Transformasi Fourier $F \,:\, C(\mathbb{R}, \mathbb{C}) \to C(\mathbb{R}, \mathbb{C})$ antara lain didefinisikan sedemikian
\[ (F(f))(\omega) = \frac{1}{\sqrt{2\pi}}\int_{-\infty}^\infty f(t)e^{i\omega t}dt, \]
sedangkan konvolusi antara dua buah fungsi $f, g \in C(\mathbb{R}, \mathbb{C})$ antara lain adalah $f*g$ sedemikian
\[ (f*g)(t) = \int_{-\infty}^\infty f(t - \tau)g(\tau)d\tau. \]
Andaikan ada dua buah grup, yaitu $(C(\mathbb{R}, \mathbb{C}),~)$ dan $(C(\mathbb{R}, \mathbb{C}), *)$.
\[ (F(f)F(g))(\omega) = (F(f))(\omega)(F(g))(\omega) \]
\[ = \frac{1}{2\pi}\int_{-\infty}^\infty f(t)e^{i\omega t}dt \int_{-\infty}^\infty g(t')e^{i\omega t'}dt' \]
\[ = \frac{1}{2\pi}\int_{-\infty}^\infty \int_{-\infty}^\infty f(t)g(t')e^{i\omega(t + t')}dt'dt \]
\[ = \frac{1}{2\pi}\int_{-\infty}^\infty \int_{-\infty}^\infty f(t)g(\tau - t)e^{i\omega\tau}d\tau\,dt \]
\[ = \frac{1}{2\pi}\int_{-\infty}^\infty \int_{-\infty}^\infty f(t)g(\tau - t)dt\,e^{i\omega\tau}d\tau \]

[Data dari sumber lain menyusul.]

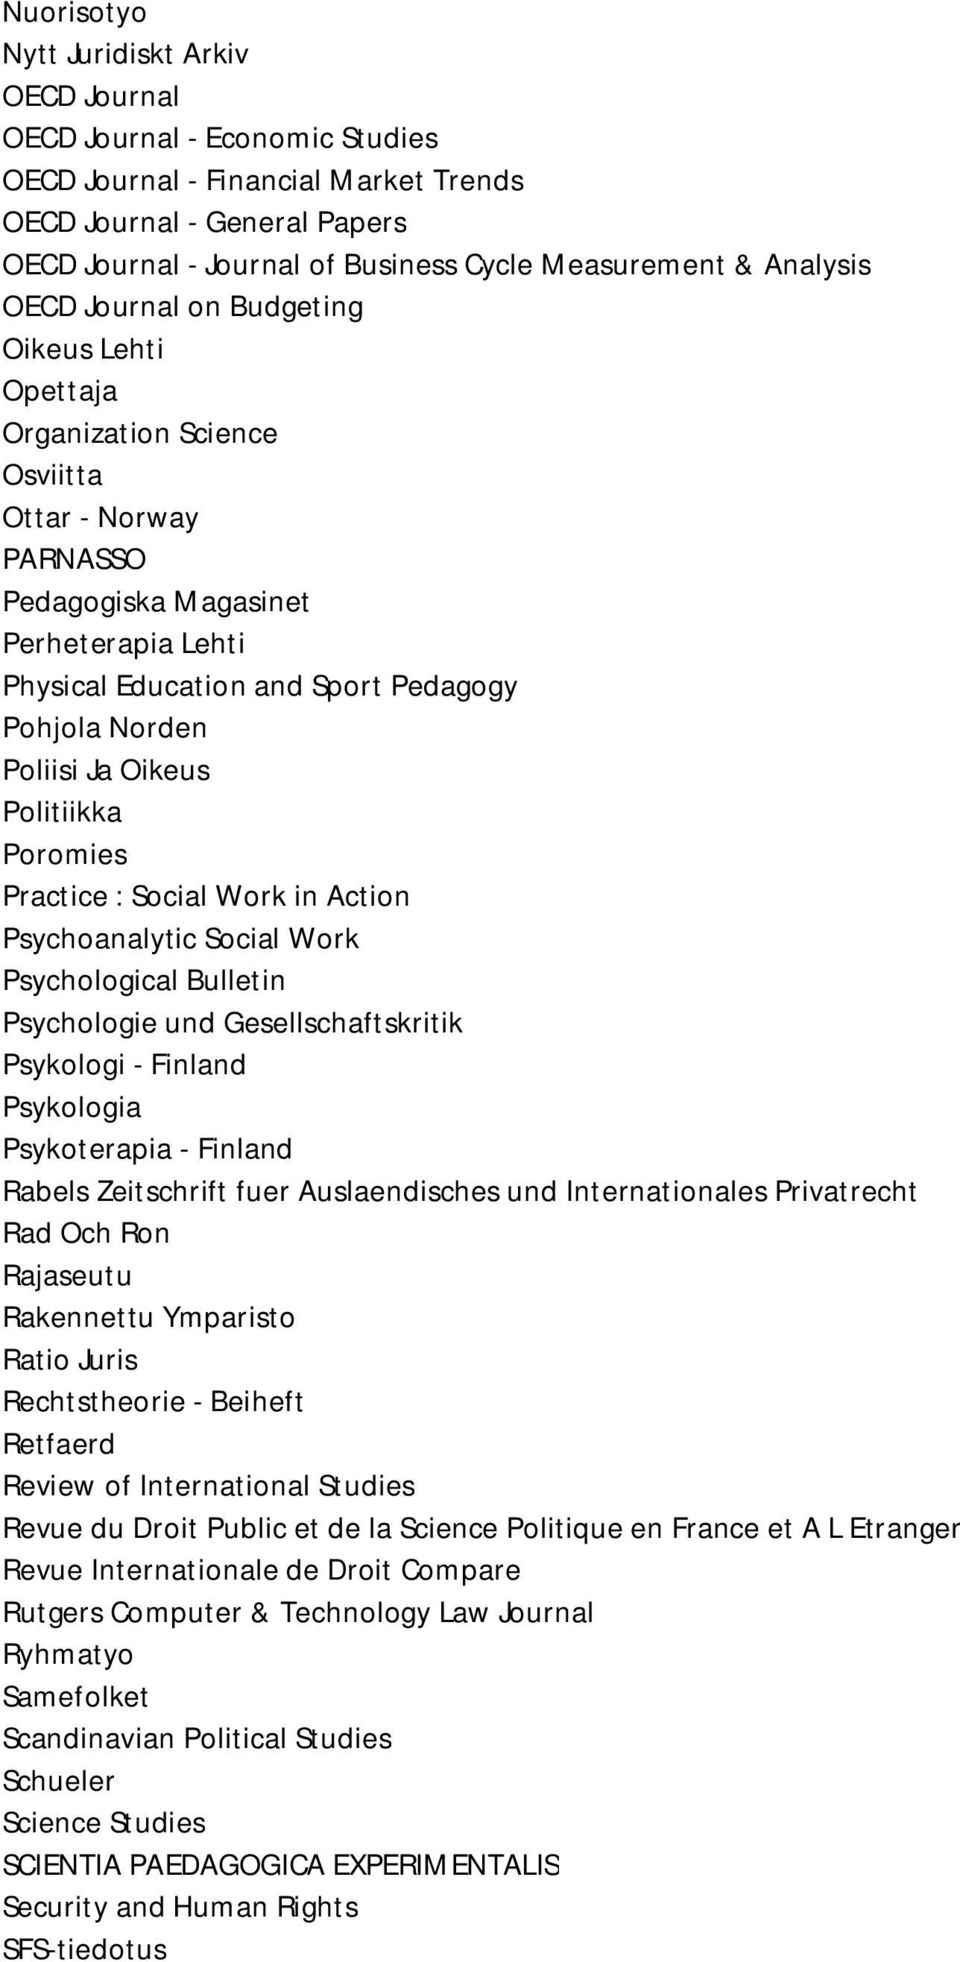 Norden Poliisi Ja Oikeus Politiikka Poromies Practice : Social Work in Action Psychoanalytic Social Work Psychological Bulletin Psychologie und Gesellschaftskritik Psykologi - Finland Psykologia

\[ = \frac{1}{2\pi}\int_{-\infty}^\infty (f*g)(\tau)e^{i\omega\tau}d\tau \]
\[ = \frac{1}{\sqrt{2\pi}}(F(f*g))(\omega). \]
Di samping itu,
\[ (F(f)*F(g))(\omega) = \int_{-\infty}^\infty (F(f))(\omega - u)(F(g))(u)du \]

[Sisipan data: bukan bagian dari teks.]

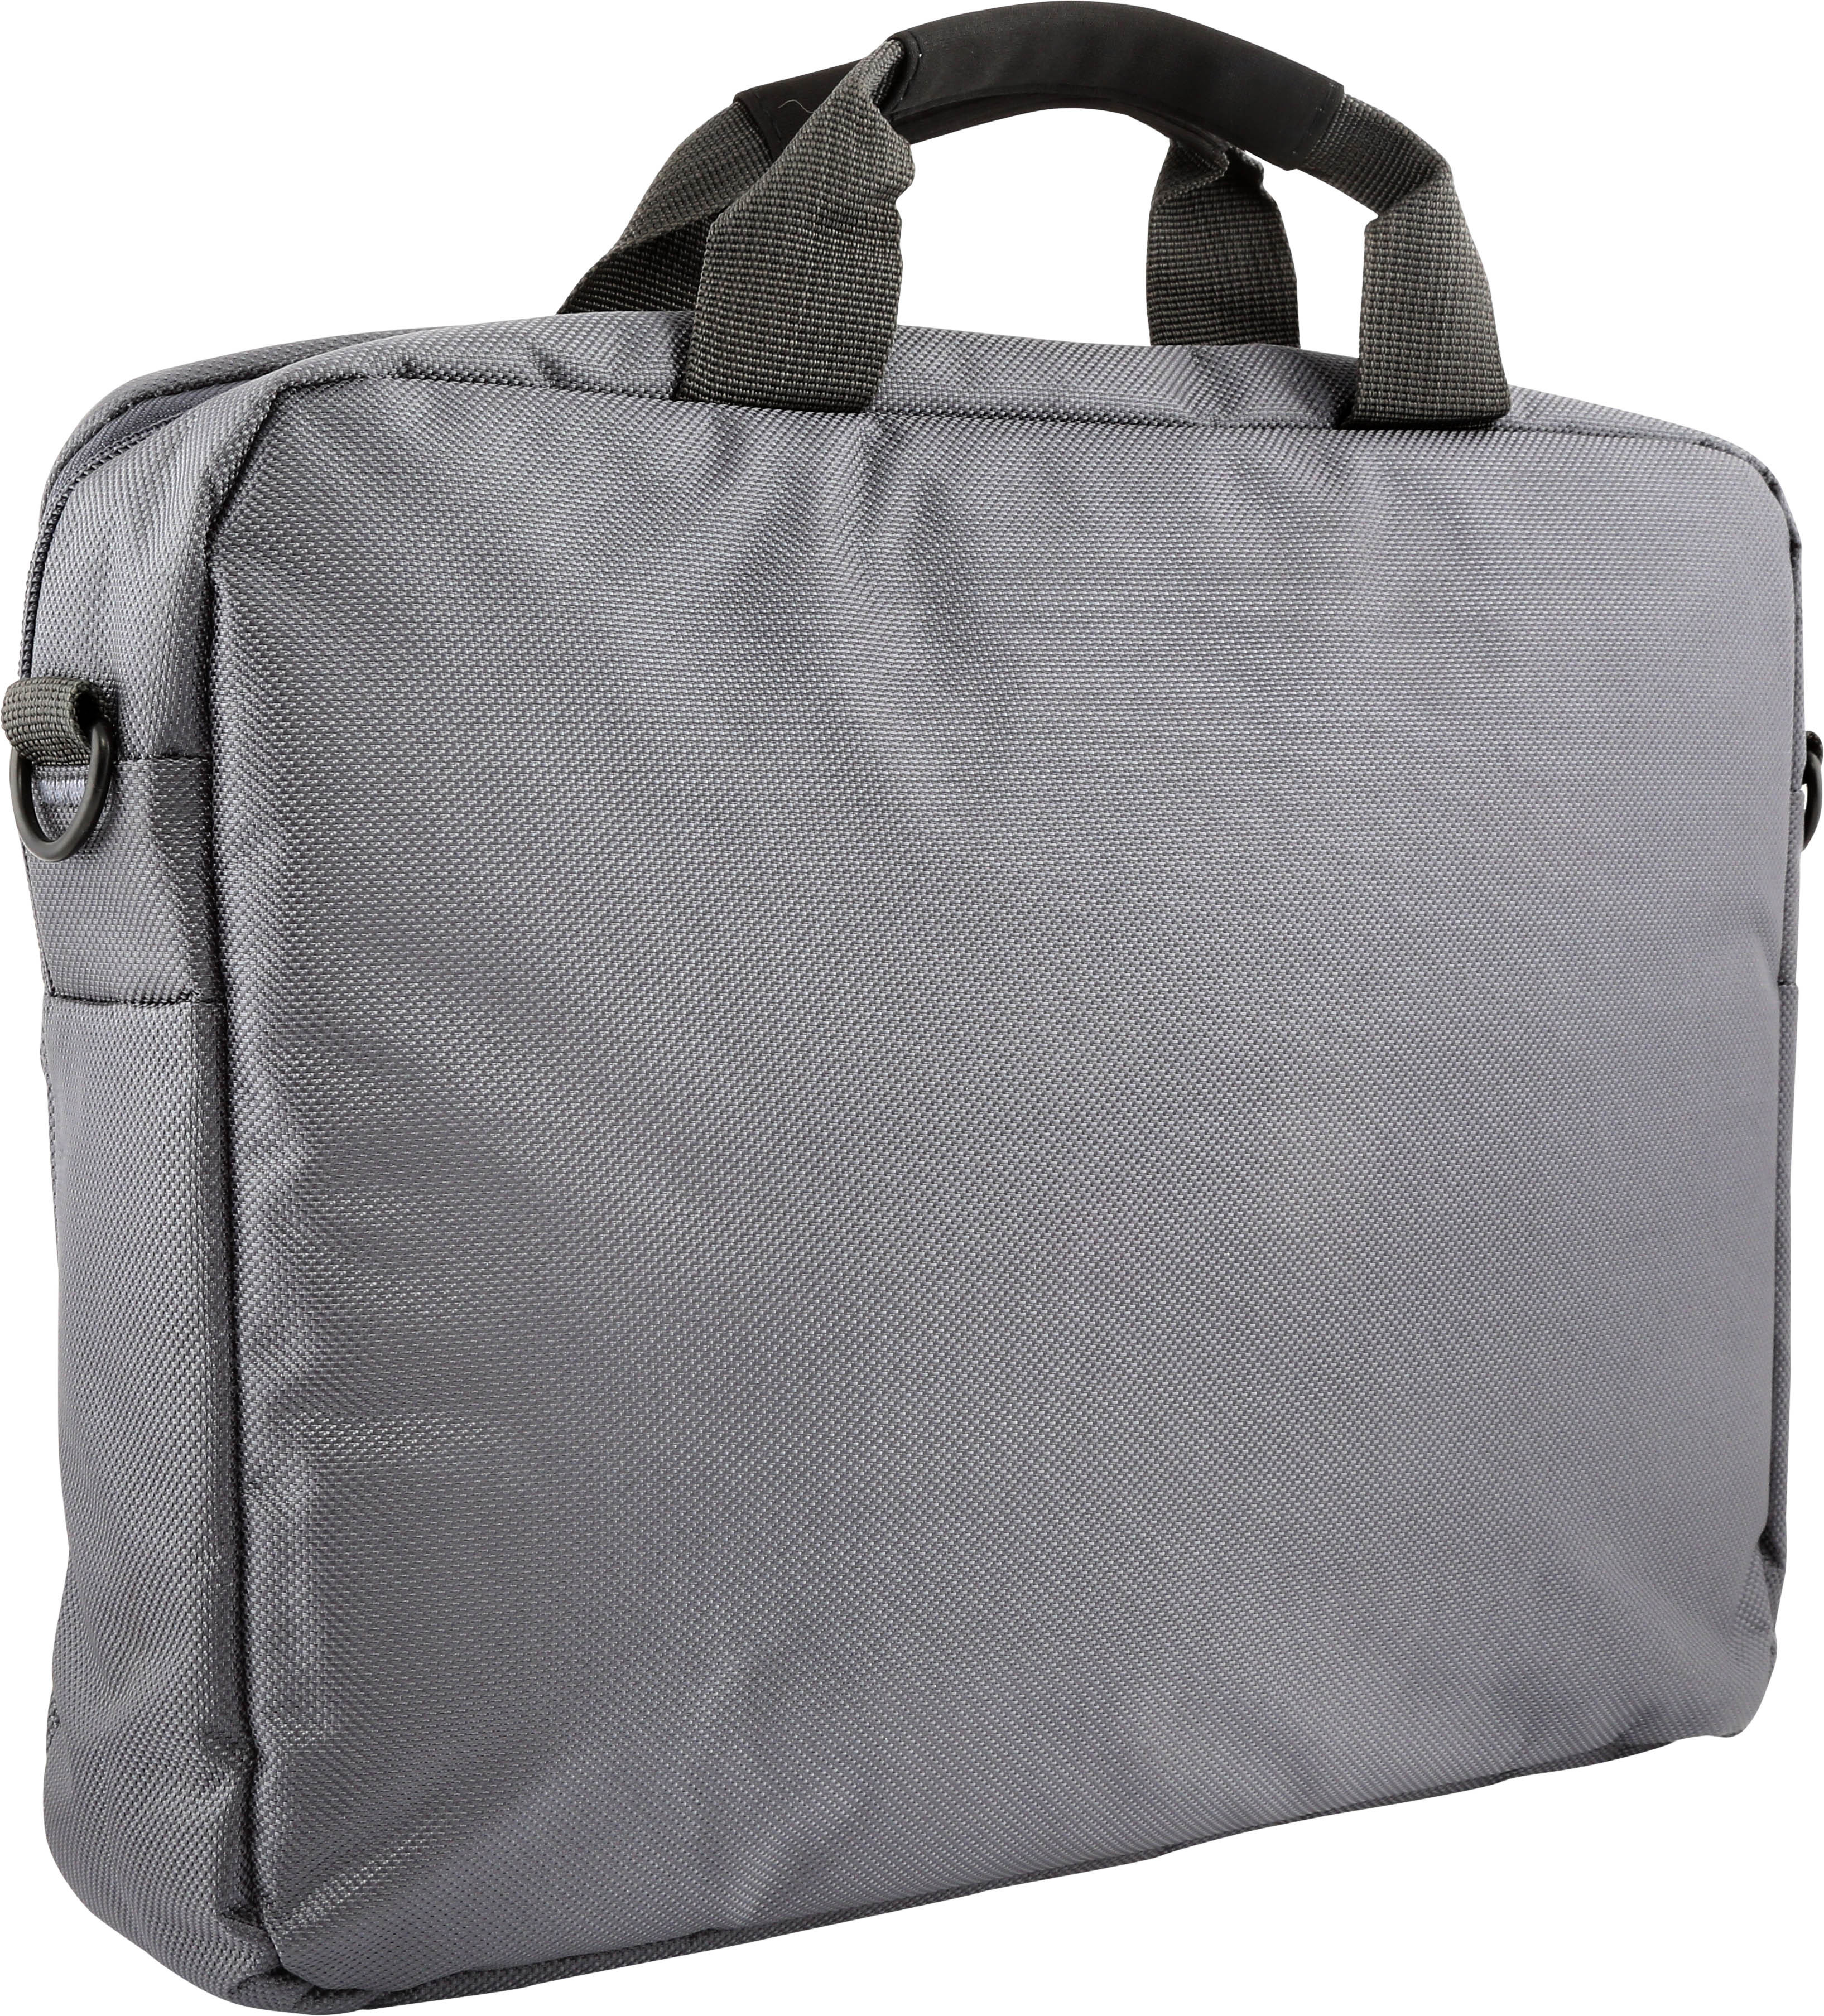 Buy Slim Design Laptop Bag With Shoulder Strap, 14 Inch Grey Online at Low Price, October 2018’s ...

\[ = \frac{1}{2\pi}\int_{-\infty}^\infty \int_{-\infty}^\infty f(t)e^{i(\omega - u)t}dt \int_{-\infty}^\infty g(t')e^{iut'}dt'du \]

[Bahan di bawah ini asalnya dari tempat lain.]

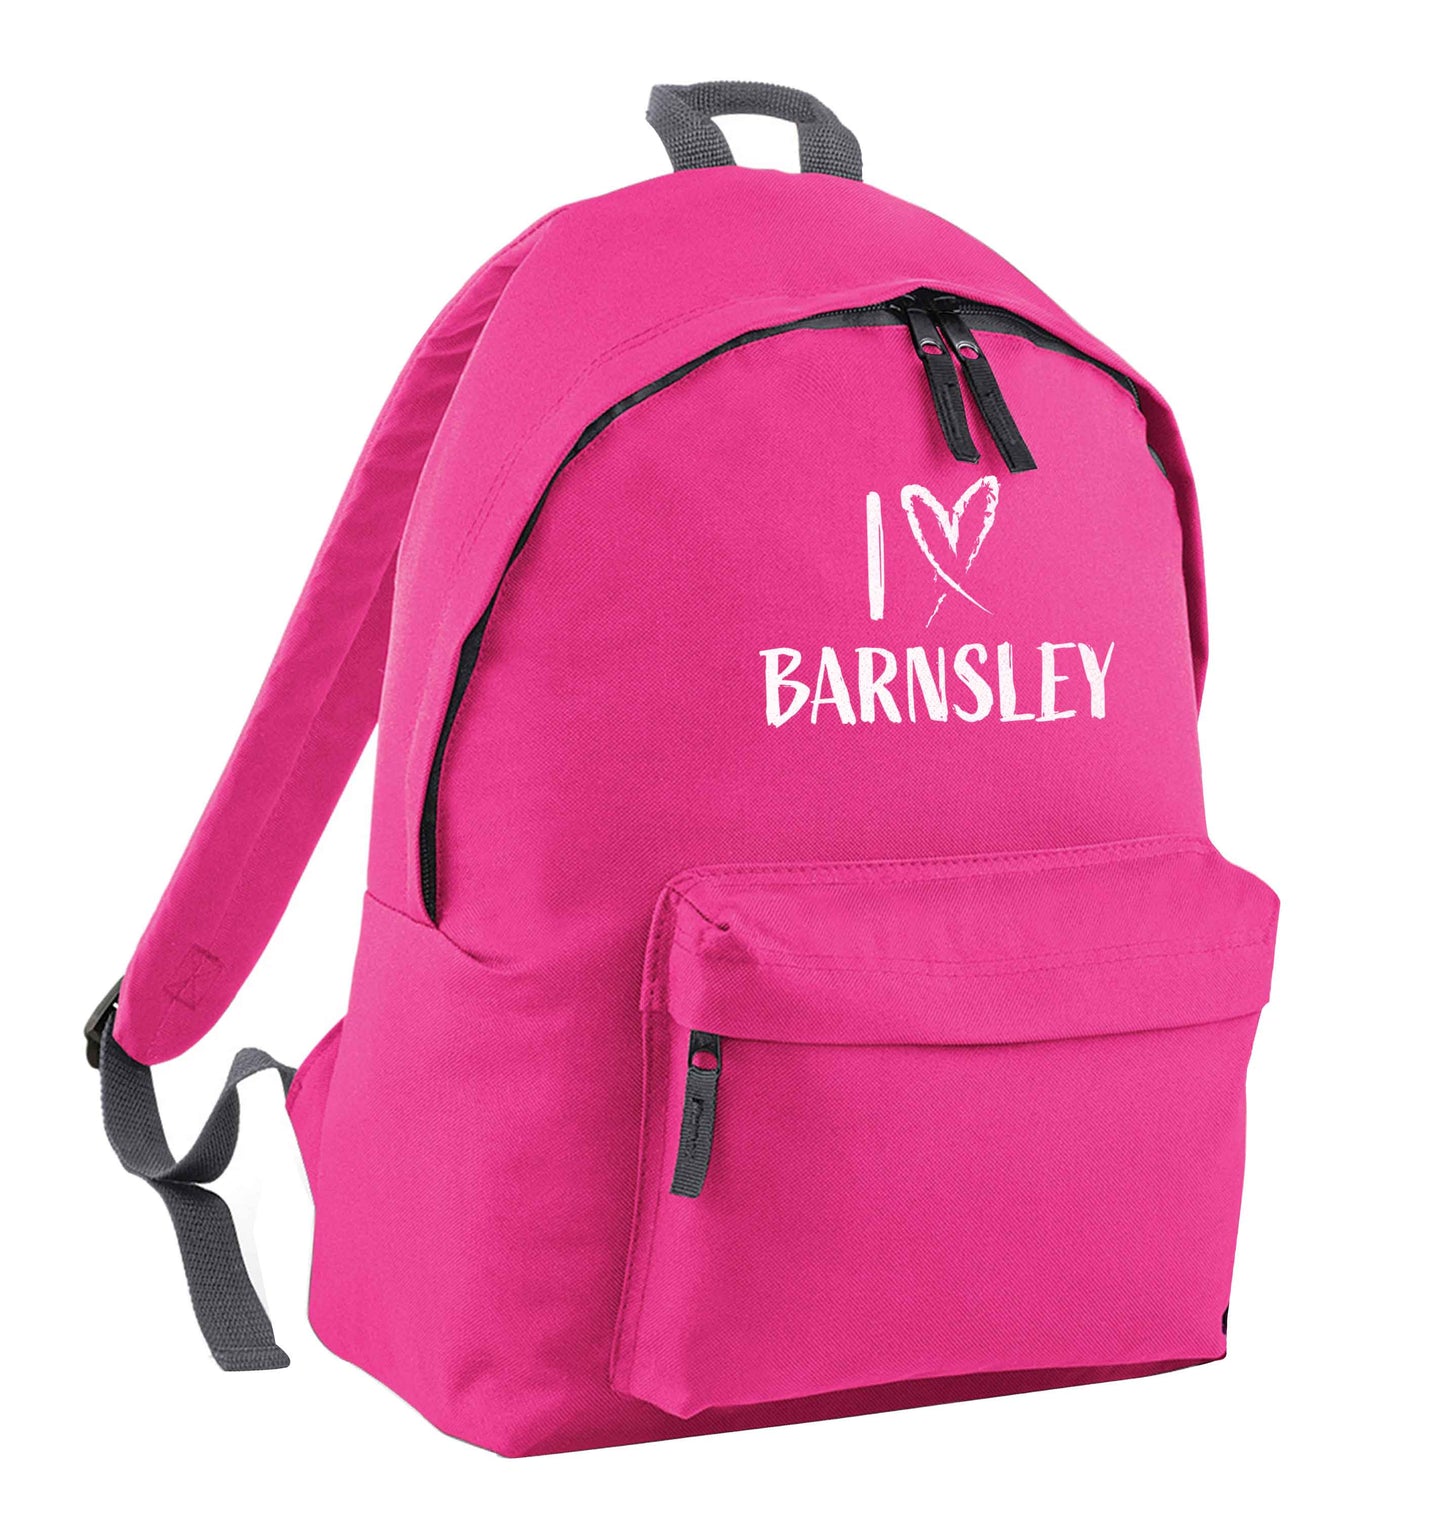 I love Barnsley pink adults backpack

\[ = \frac{1}{2\pi}\int_{-\infty}^\infty \int_{-\infty}^\infty f(t)g(t')e^{i\omega t}\int_{-\infty}^\infty e^{iu(t' - t)}du\,dt\,dt' \]
\[ = \int_{-\infty}^\infty \int_{-\infty}^\infty f(t)g(t')e^{i\omega t}\delta(t' - t)dt'dt \]
\[ = \int_{-\infty}^\infty f(t)g(t)e^{i\omega t}dt \]
\[ = \int_{-\infty}^\infty (fg)(t)e^{i\omega t}dt \]
\[ = \sqrt{2\pi}(F(fg))(\omega). \]
Dari dua perhitungan tersebut, diperoleh kesimpulan bahwa
\[ F(f*g) = \sqrt{2\pi}F(f)F(g) \]
dan
\[ F(fg) = \frac{1}{\sqrt{2\pi}}F(f)*F(g) \]
sehingga homomorfisme dari grup $(C(\mathbb{R}, \mathbb{C}), *)$ ke grup $(C(\mathbb{R}, \mathbb{C}), ~)$ adalah $\sqrt{2\pi}F$, sedangkan homomorfisme dari grup $(C(\mathbb{R}, \mathbb{C}), ~)$ ke grup $(C(\mathbb{R}, \mathbb{C}), *)$ adalah $(1/\sqrt{2\pi})F$.
Terpujilah Kristus.